Penny fixes on me the way her patients grip her wrists. Long after they lose the strength to lift a cup of cold water, even across the expanse of a coma, they may suddenly hold her in a vise. Penny is not at liberty to share what happens in those moments. Today she stares at me as though I am telling a story that has her rapt. She is the one doing the talking.

      “But God does.” She squeezes. “Everything. Everything, Daisy.”

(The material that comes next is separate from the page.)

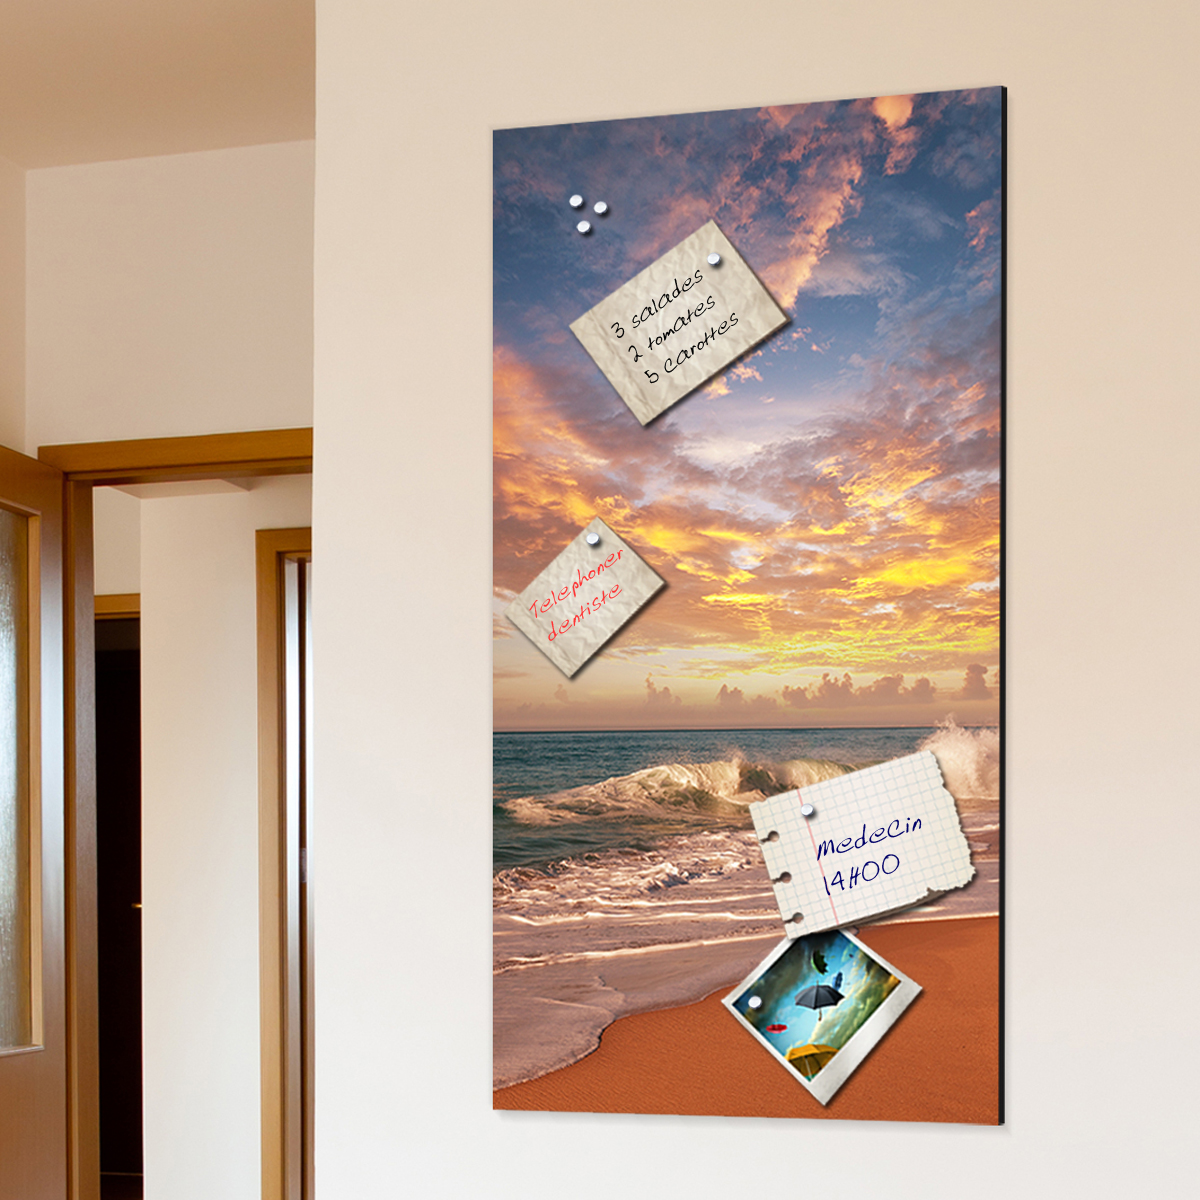 papier peint magn tique sticker papier peint magn tique mer coucher de soleil ambiance. Black Bedroom Furniture Sets. Home Design Ideas

      I can’t squeeze back. “I’ll go as far as saying that God allows it, for reasons we don’t understand, but not—”

      “—everything, Daisy.” She holds her palms against mine, bringing all four of our hands up together, as though we are across a looking glass. “We don’t have to understand yet.”

      Penny is beautiful, copper-curled and quick as an otter. I am clumsy, all elbows and knees, with eyes the color of algae. We are not the same. Penny’s fingertips press into mine. I wonder how many pinpricks we have tallied in sixty combined years of glucose tests, coaxing little beads who know whether or not we are okay. Penny lowers her arms and rubs my wrists. “Maybe we don’t have to understand, ever.”

      We will not solve this today. “I believe God wants you healed and whole.”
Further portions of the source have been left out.